Task prompt:
Would you print the listing that follows exactly, but without its pictures?

The data:
★ ★ ★
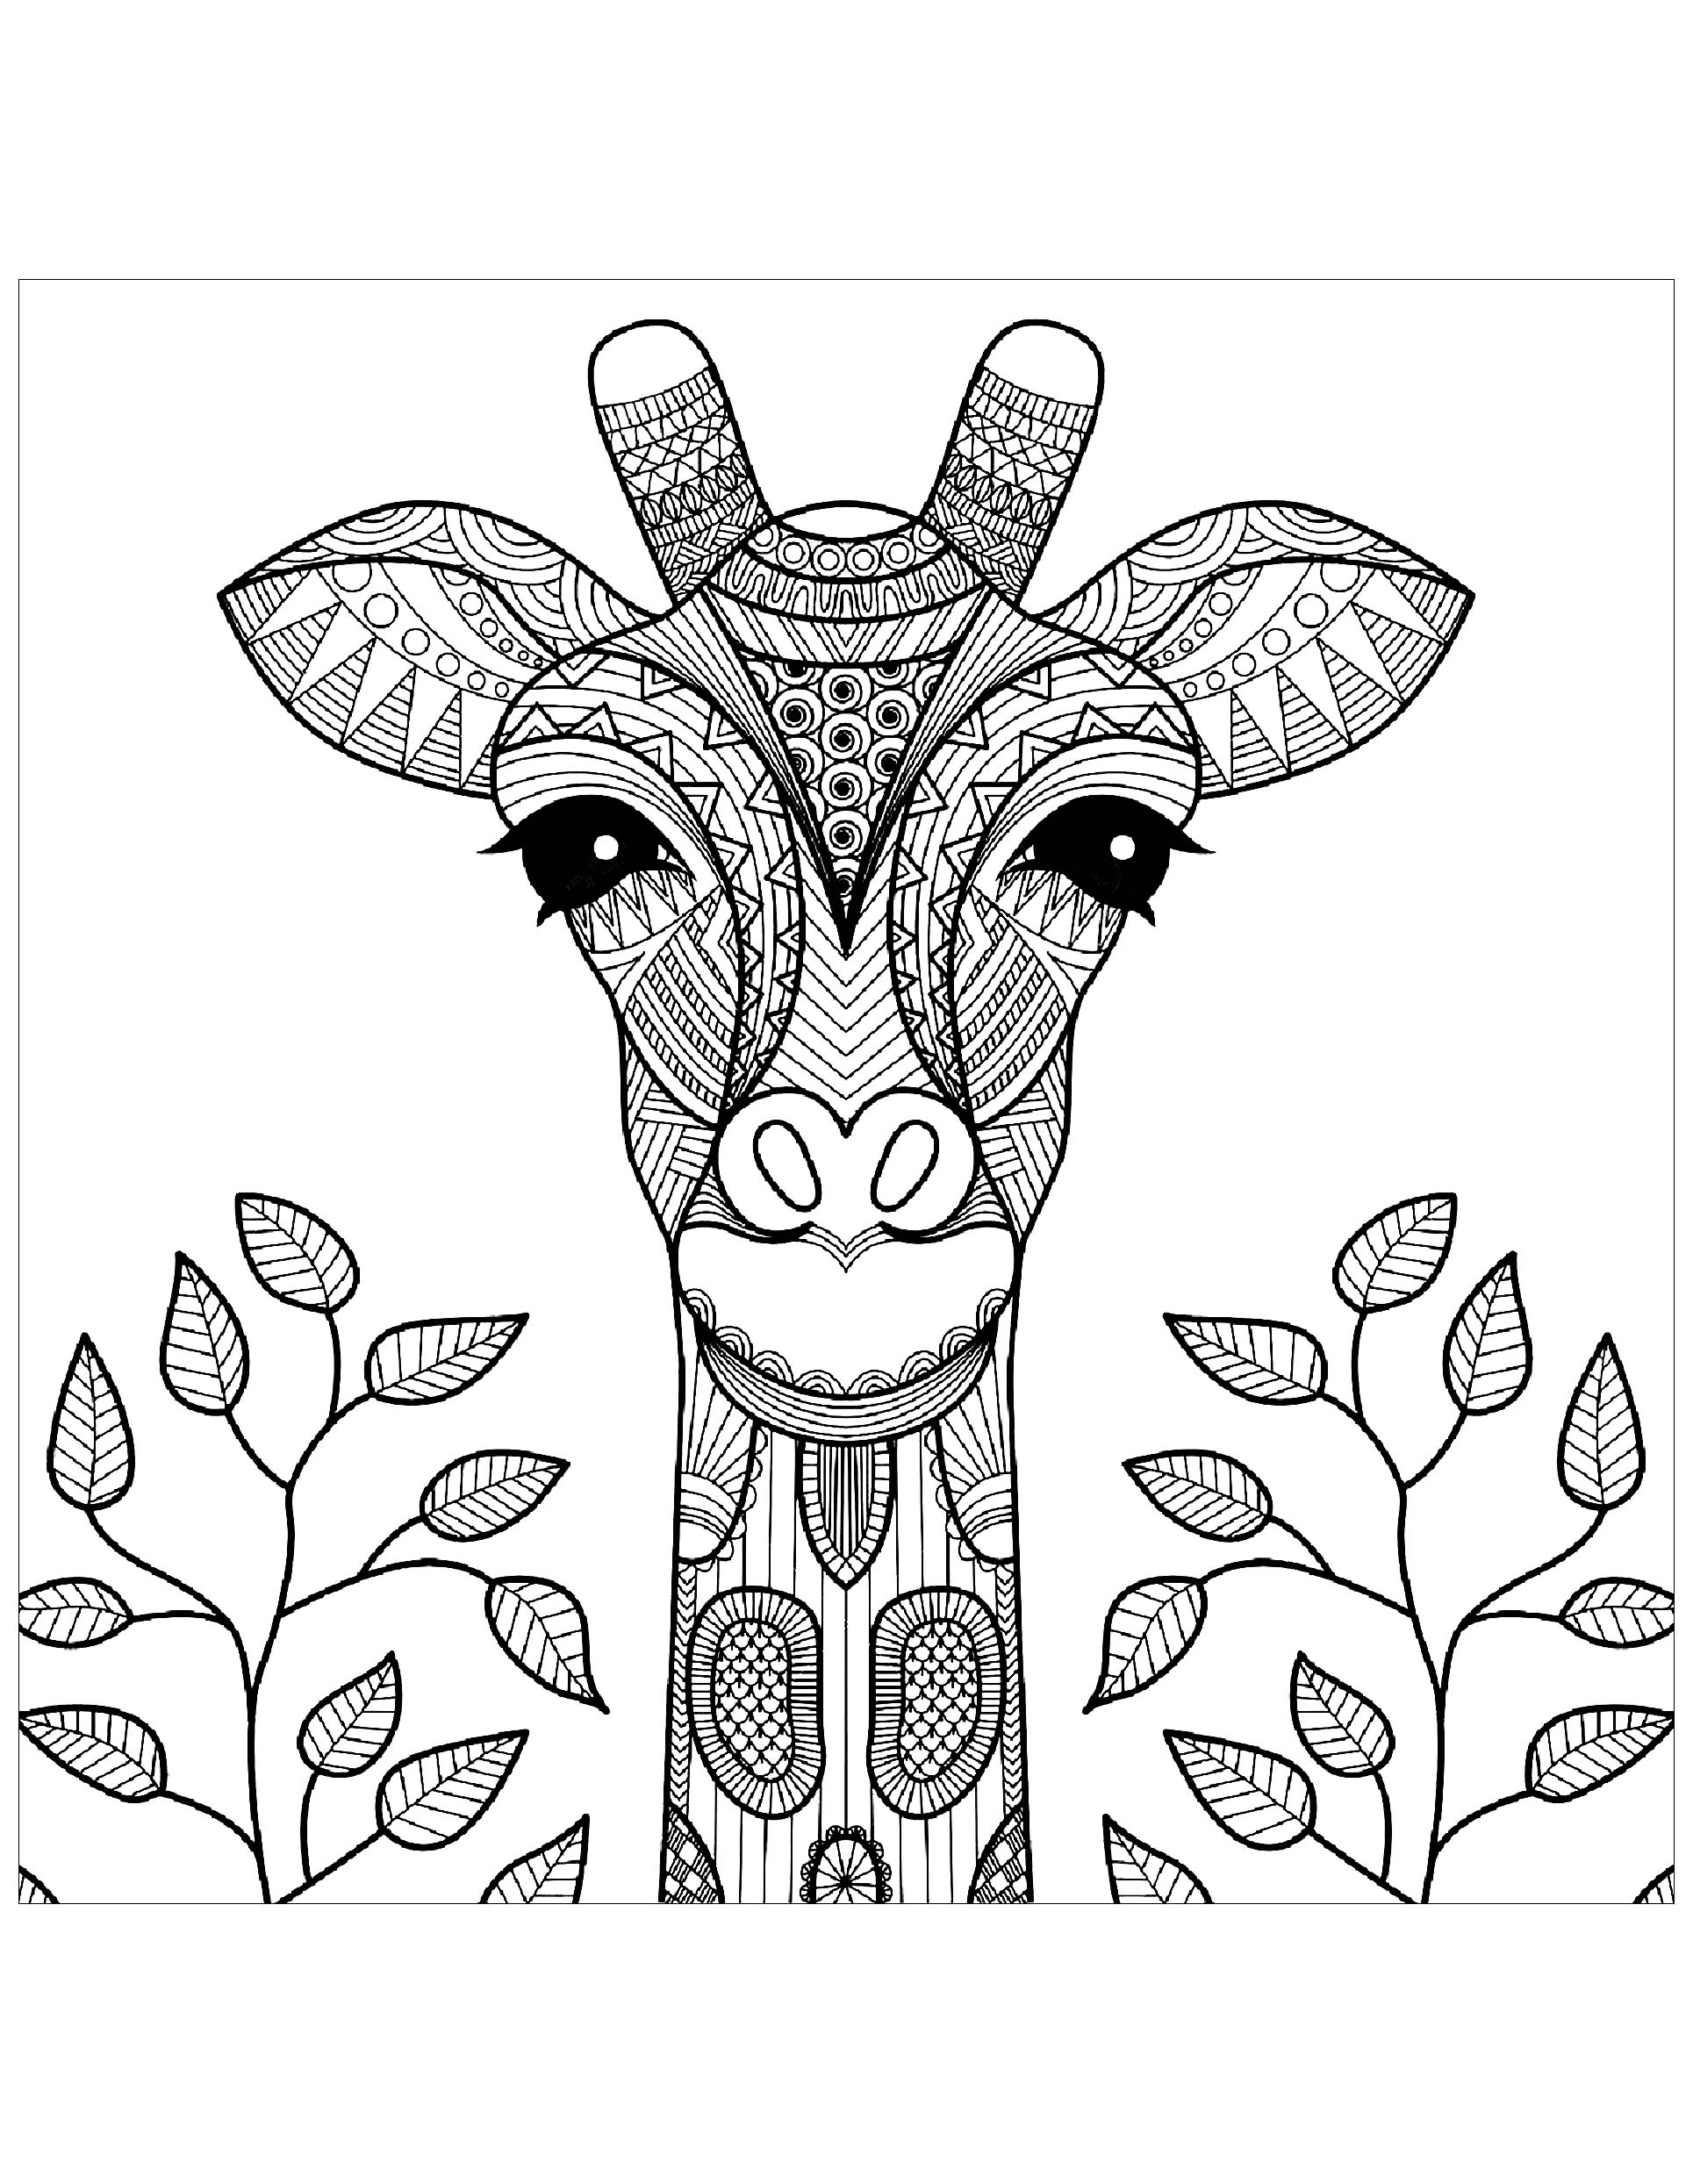 Disegni da colorare per adulti : Giraffe - 1, Artista : Bimdeedee   Fonte : 123rf
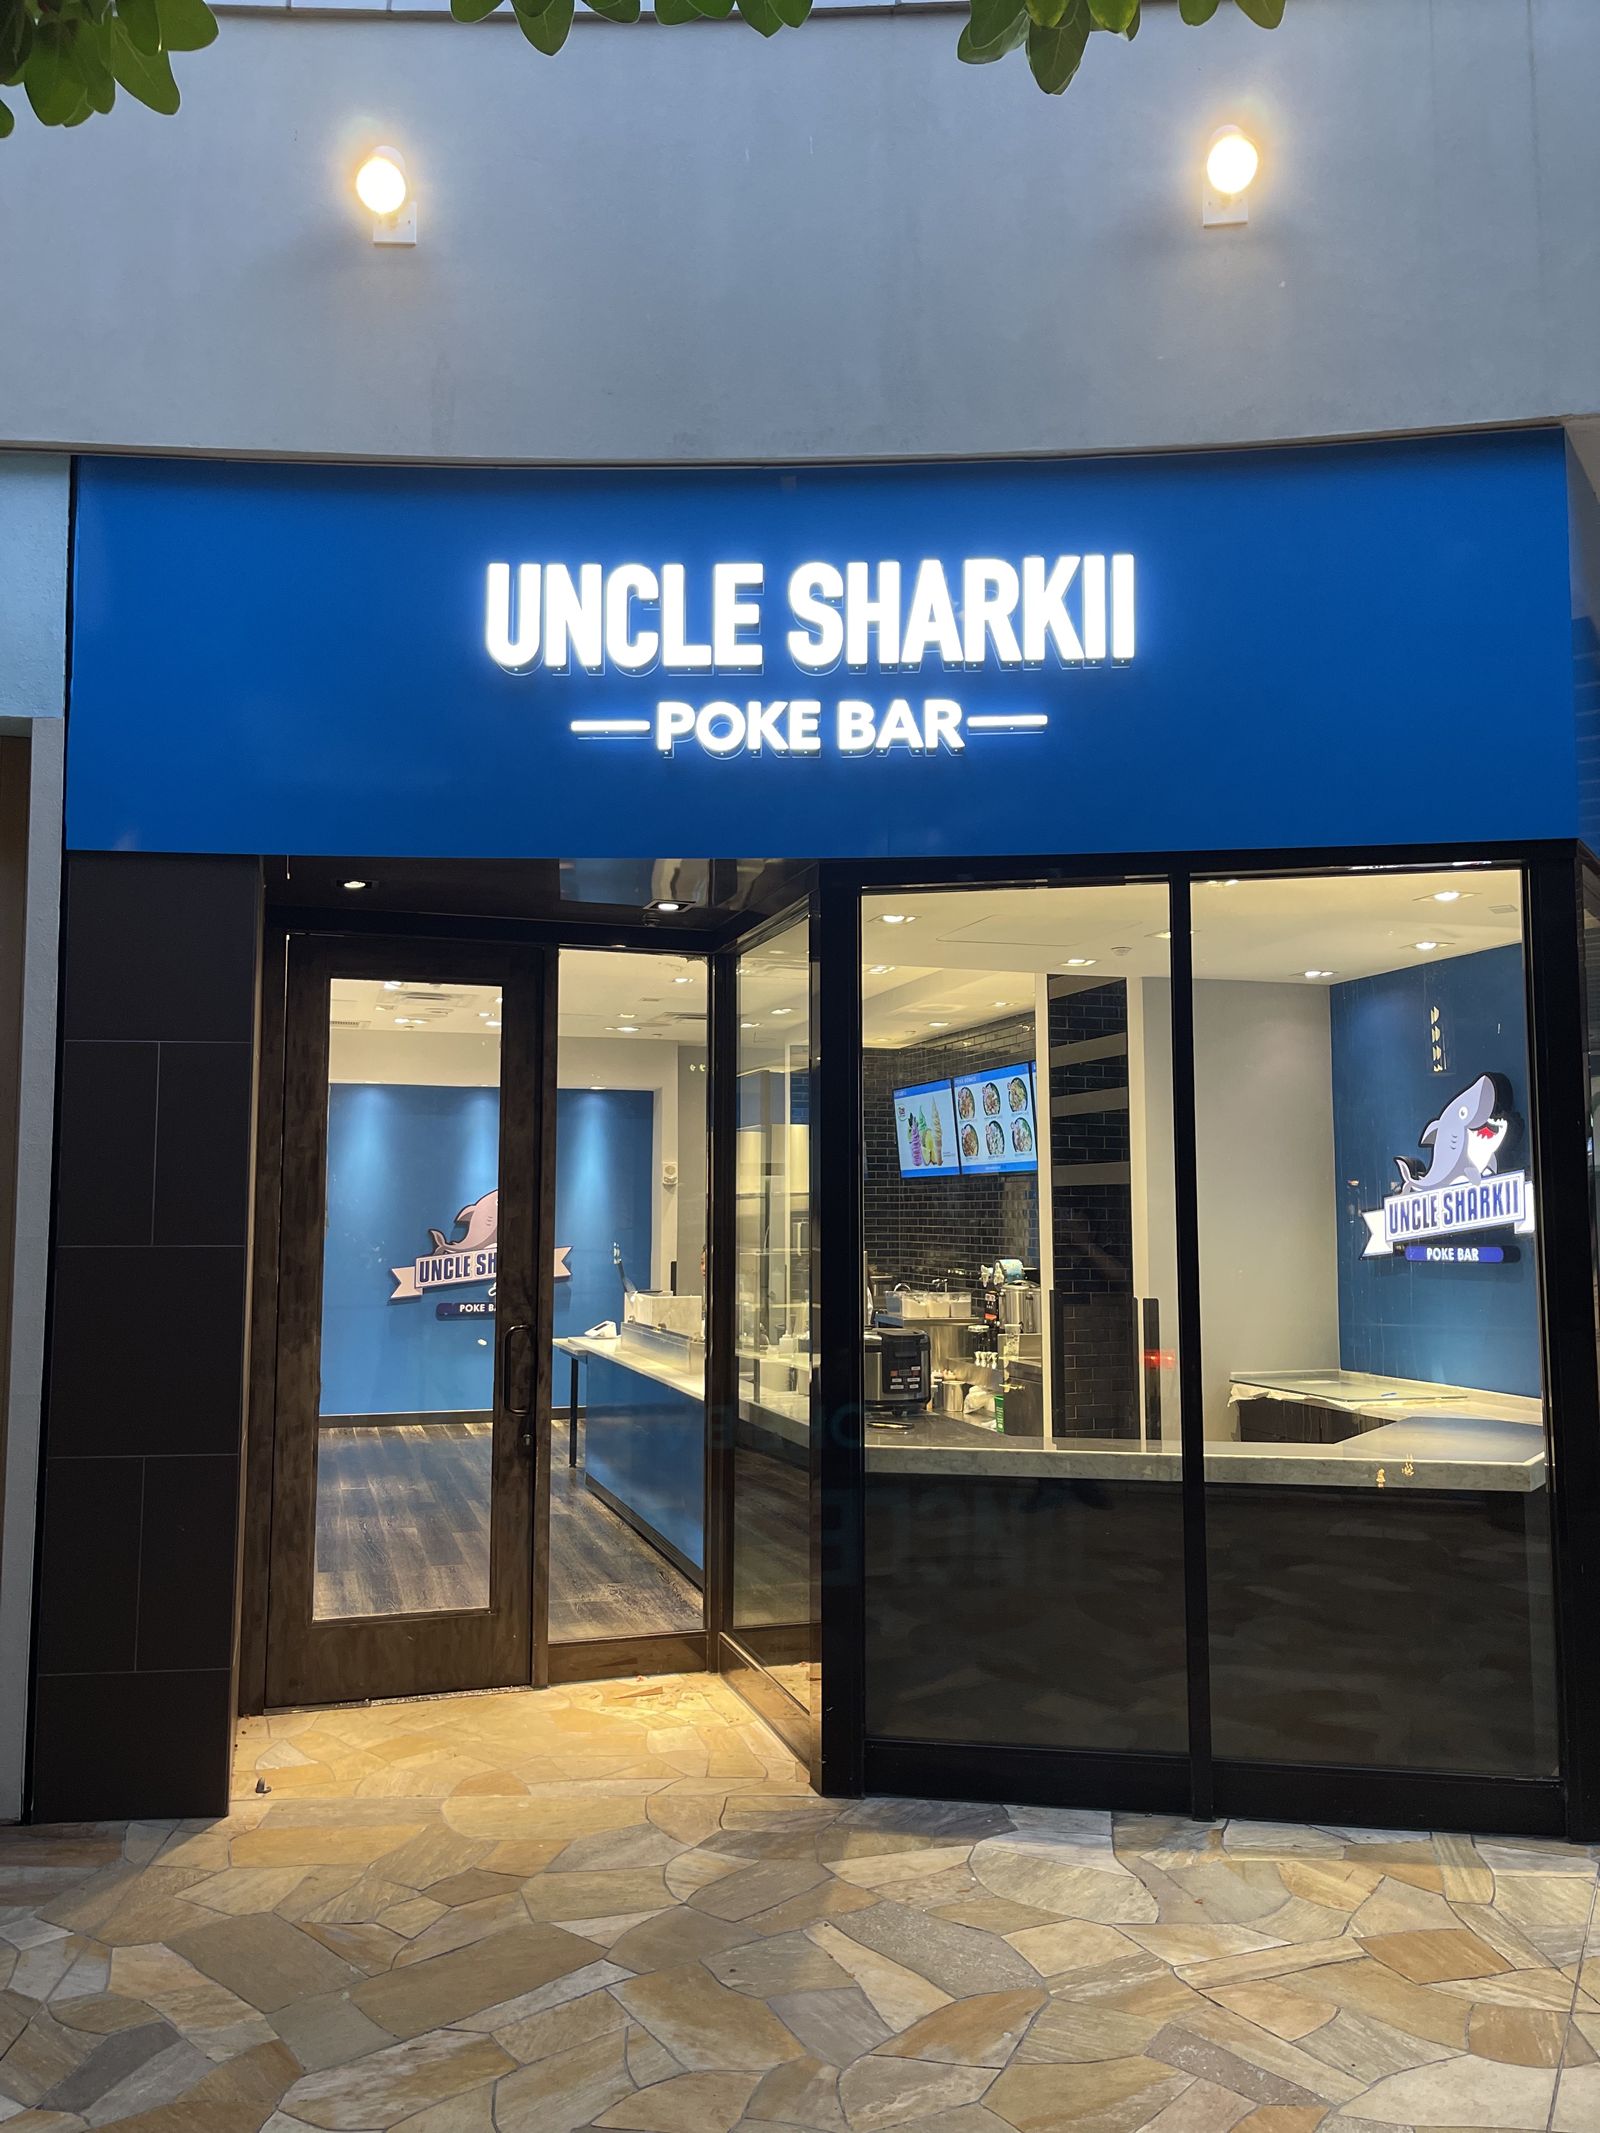 Uncle Sharkii Poke Bar Now Open at Honolulu's Famed International Market Place
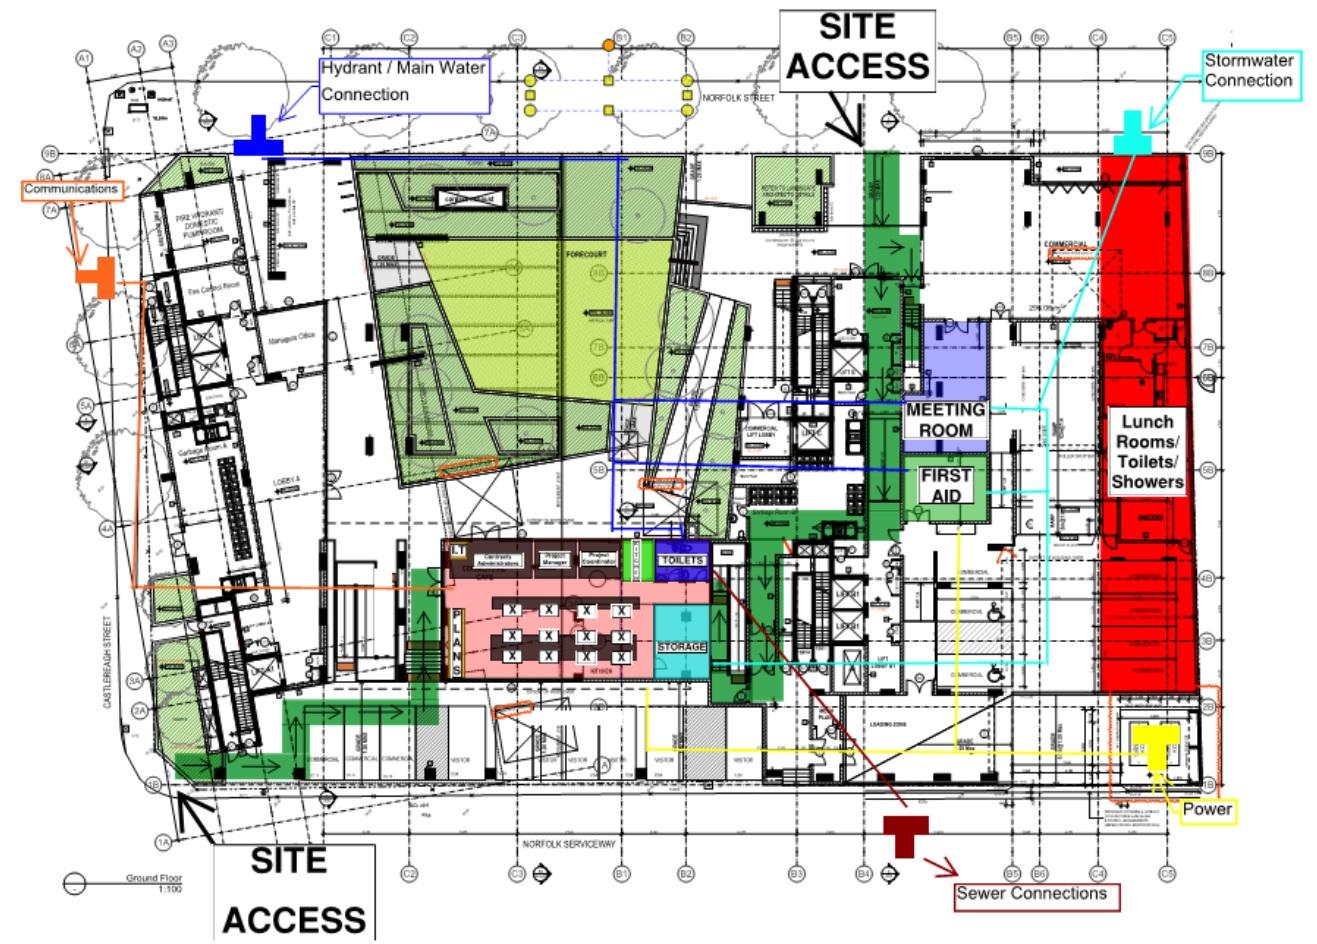 DAB Student Project: Site Establishment Plan for a Construction Project, by Alireza Fini
★ ★ ★
Result for this task:
 Disegni da colorare per adulti : Giraffe - 1, Artista : Bimdeedee   Fonte : 123rf
 Uncle Sharkii Poke Bar Now Open at Honolulu's Famed International Market Place
 DAB Student Project: Site Establishment Plan for a Construction Project, by Alireza Fini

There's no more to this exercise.